Picked my up from from construction work on from a pile on the way to Squamish. Flushed and scrub the dirt off and straight into my tank. Three months or so. So far so good. Guess I am lucky


----------



## Diztrbd1 (Apr 21, 2010)

gklaw said:


> Picked my up from from construction work on from a pile on the way to Squamish. Flushed and scrub the dirt off and straight into my tank. Three months or so. So far so good. Guess I am lucky


Same here, cept I was in Langley lol

logan, the vinegar test to see if it has calcium in it, which you don't want as it will change the hardness and Ph. This article might help you out:
Can I Use Outdoor Gravel in My Aquarium?

.


----------



## effox (Apr 21, 2010)

Definitely do a vinegar test. It doesn't take much if it will react with white little bubbles.


----------



## cichlid (Jul 30, 2010)

ya same here, I never boiled my rocks, then again I have cichlids, so the need hard water and and high PH anyway. lol


----------



## pistolpete (May 2, 2010)

Just post a picture of the rocks on here and we'll be able to tell you whether it's safe. Practically all rocks are fine. Even limestone would be ok if you had african cishlids. 

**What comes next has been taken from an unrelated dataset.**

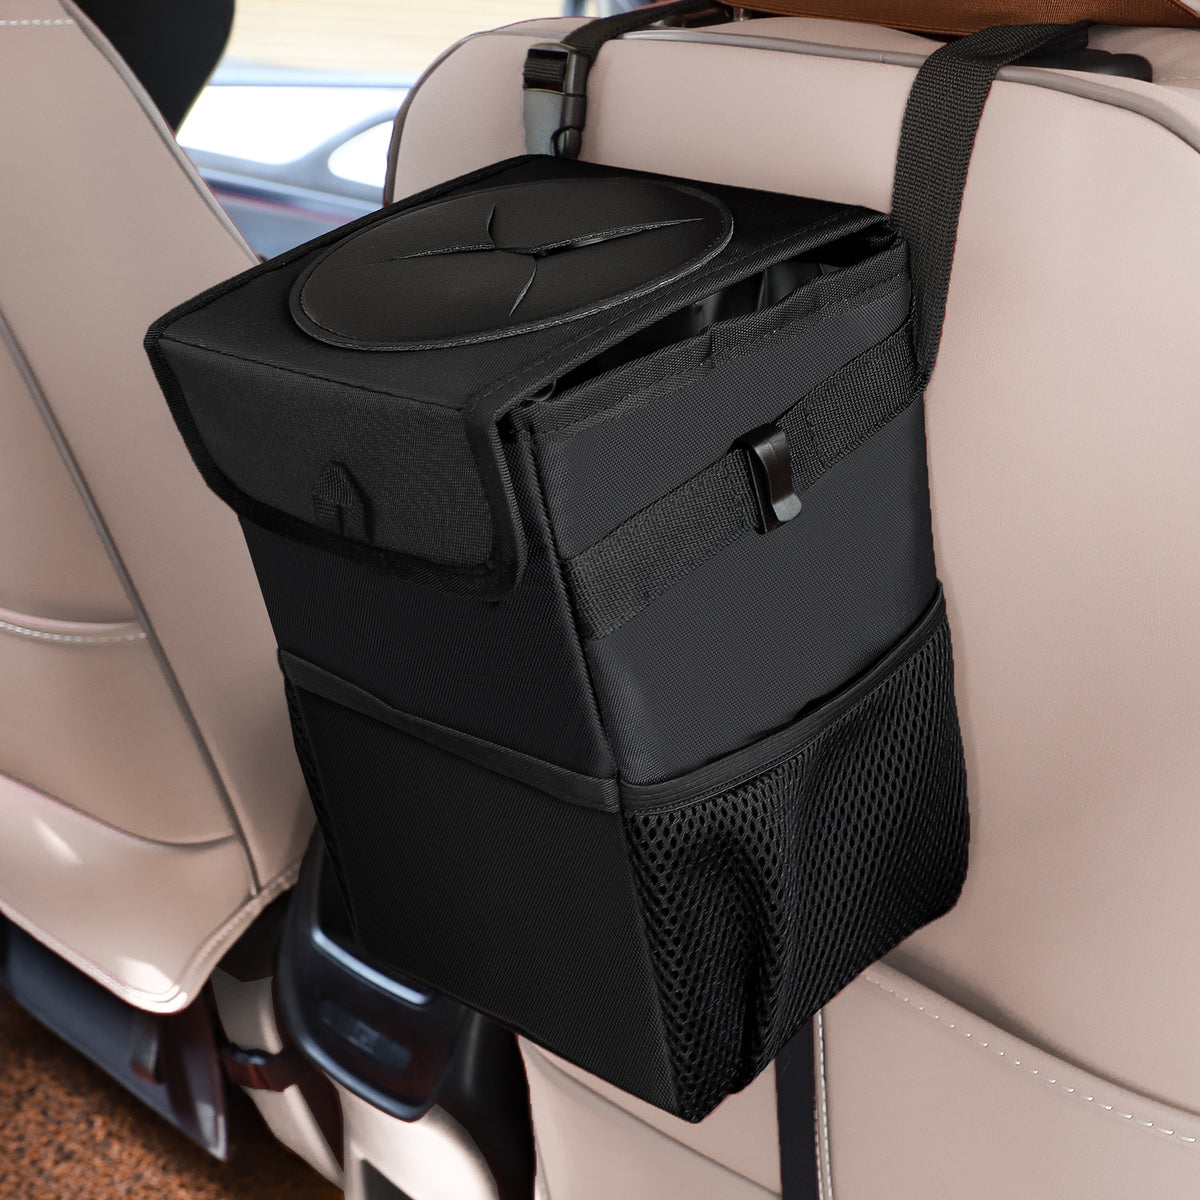 Leak-Proof Collapsible Garbage Bin for Car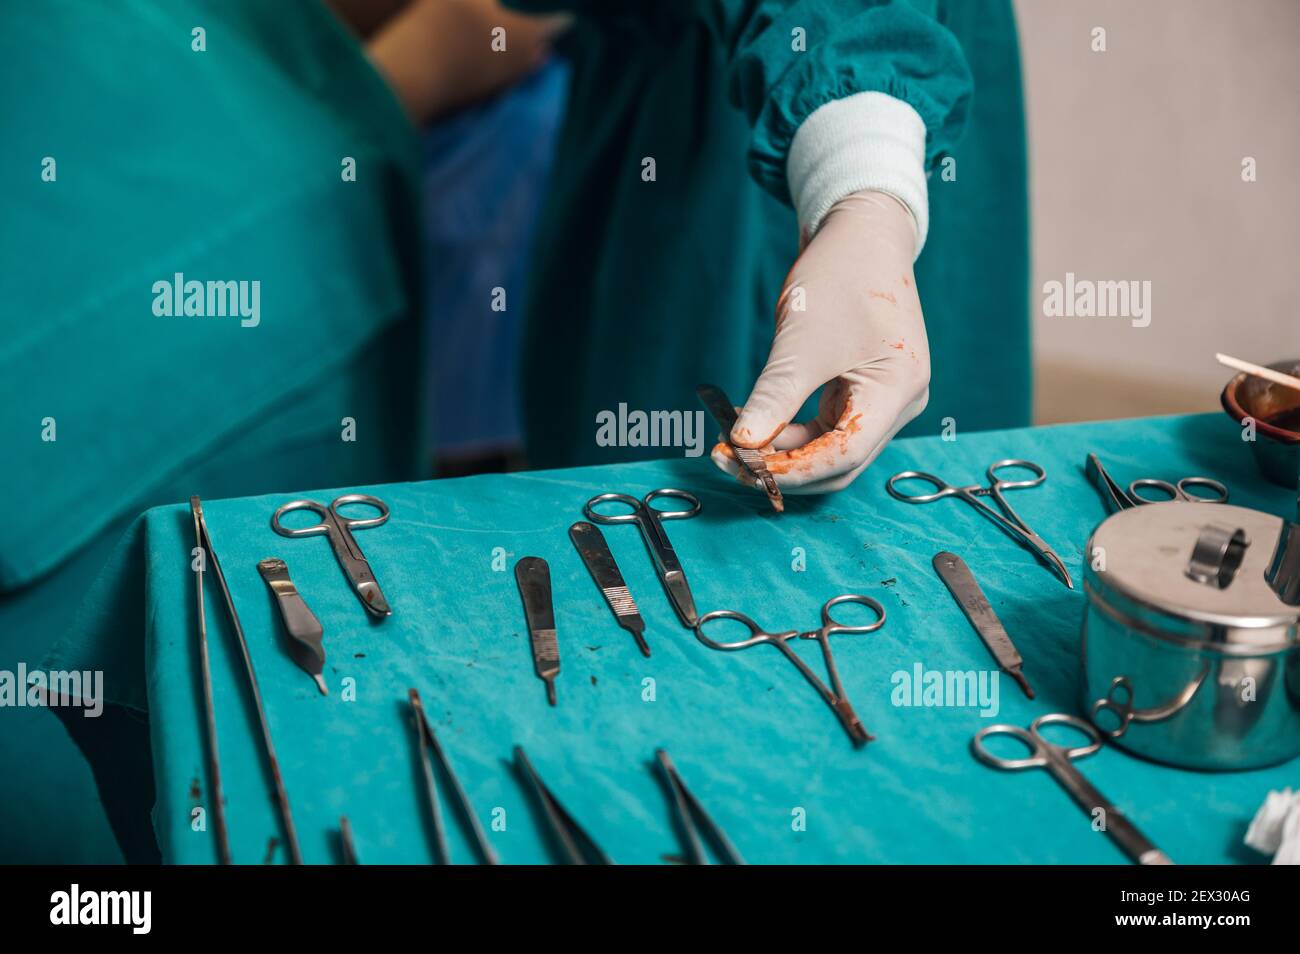 Surgeon hand wearing medical glove choosing surgical instrument on table in the operating room Stock Photo

The Vinegar test is pretty bogus, because vinegar is a really weak acid and it's hard to tell the occasional bubble formed by a reaction from one escaping from the rock. Testing for the presence of calcium this way is mostly an old wives tale perpetuated by people who've never actually tried it. Yes, if you stick a sea shell, which is pure calcium in vinegar you will notice a few bubbles, but with rocks it's not the way to go.
Just stick with basalts, granites, and slates and you are guaranteed safe.


----------



## cichlid (Jul 30, 2010)

i think the biggest thing to be careful with is iron deposits.


----------



## gimlid (Apr 23, 2010)

Iron will show as a reddish colour I am told


----------